Since, critics have noted Red’s impact on music across the board, with The New York Times suggesting the indie music of today is much closer aesthetically to Red than it is to its underground rock roots, which feels rather iconic for an album whose megahit lead single berates their ex for preferring “indie records that are much cooler than mine.” Then, of course, there are the unmistakable influences songs like “I Knew You Were Trouble” had on later popstars’ middle finger belters such as “Good 4 U” by Olivia Rodrigo, a proud Swiftie who would have only been nine at the time Red was released.

But even if they were too young to accurately relate to the subject matter, Red’s tongue-in-cheek, karaoke-classic singles still held a special place in the hearts of preteen Swifties. “At the time I didn't understand the pure magnitude and depth of the album. How do you describe heartbreak to a ten year old?” asks the now 19-year-old stan behind @swiftie_stephanie. But just last year, when the guy in the situationship she was in began to ghost her, Red helped Stephanie through the pain. Specifically, she played “I Almost Do”, a song about wanting to go back to a person you know is toxic. “I found comfort in knowing that Taylor also went through the same gut-wrenching pain I went through. The lyrics she writes are just so personal, and I feel as if she almost looked into my life and wrote them specifically for me.” she shares.
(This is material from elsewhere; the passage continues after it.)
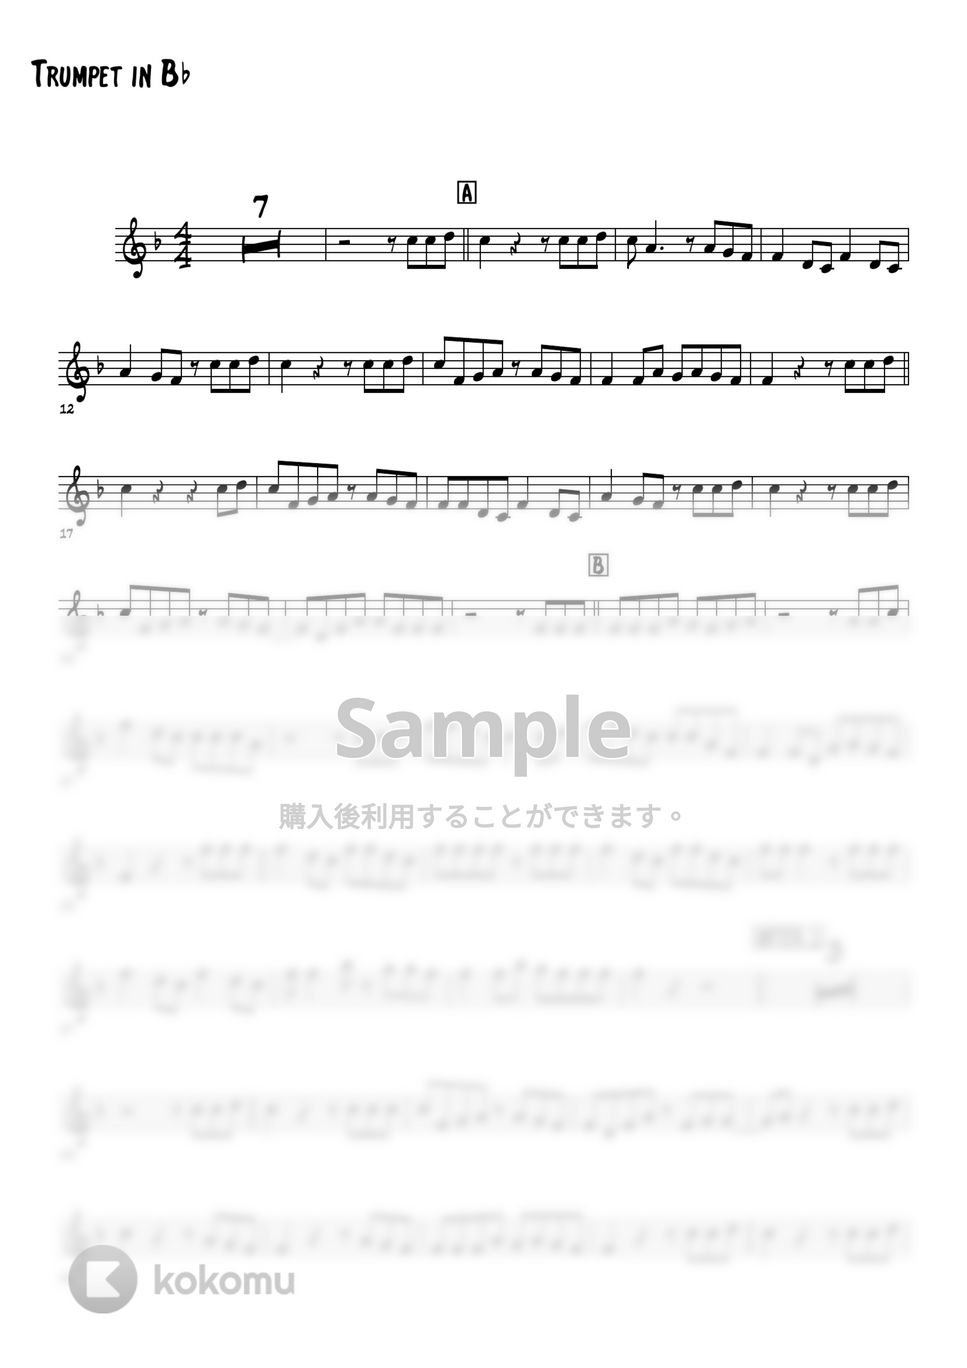 瑛人 - 香水 (トランペットメロディー譜) by 高田将利
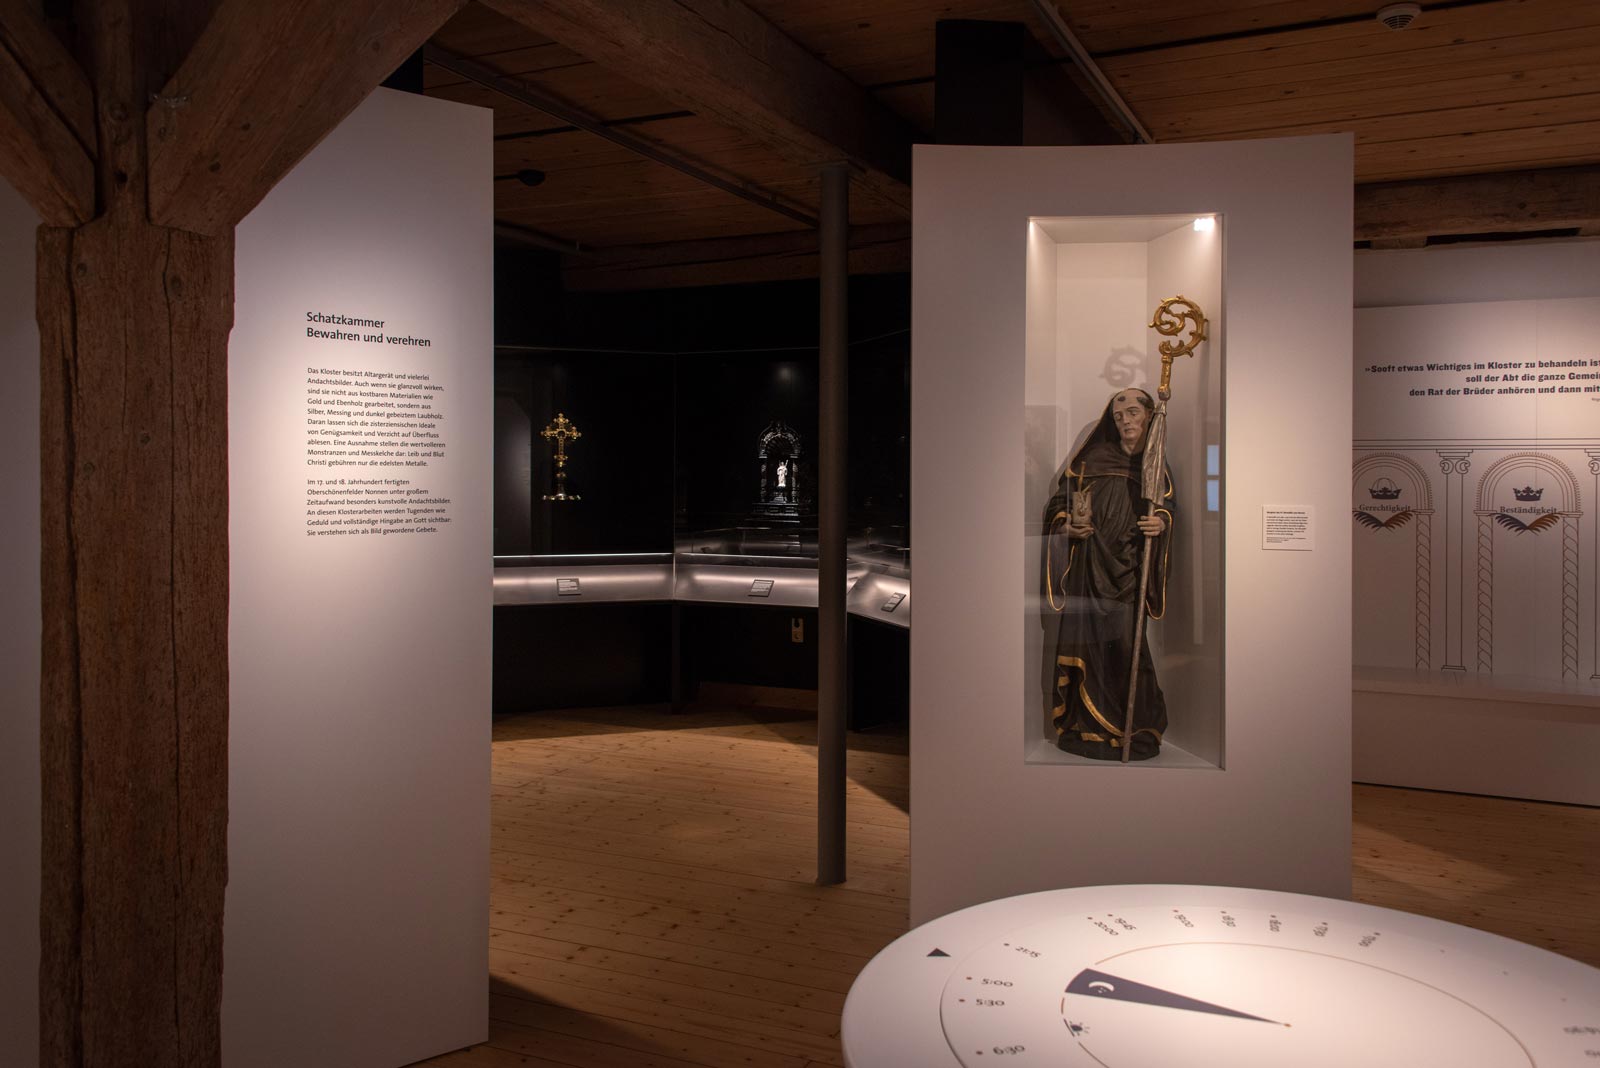 Das Referenzbild für Ausstellungsgestaltung aus der Dauerausstellung Tradition und Umbruch zeigt eine Exponat-Präsentation mit Einbauvitrine und Tischvitrinen.

As Taylor revisits the album, now in her thirties, — adding an additional 11 songs that didn’t make the original cut, new duets with Phoebe Bridgers, Ed Sheeran and Chris Stapleton and a 10-minute long version of fan favourite “All Too Well” — she comes to it with a more mature sound and new perspective. “I’m not sure if it was pouring my thoughts into this album, hearing thousands of your voices sing the lyrics back to me in passionate solidarity, or if it was simply time, but something healed along the way,” Taylor reminisced in her statement.

“The album was comfort and solace in musical form,” Stephanie continues. “When you're going through heartbreak, you feel deeply alone with no one to turn to but you always have that one album you can depend on to help get you through it.” For many, we’re lucky enough to have that album be Red.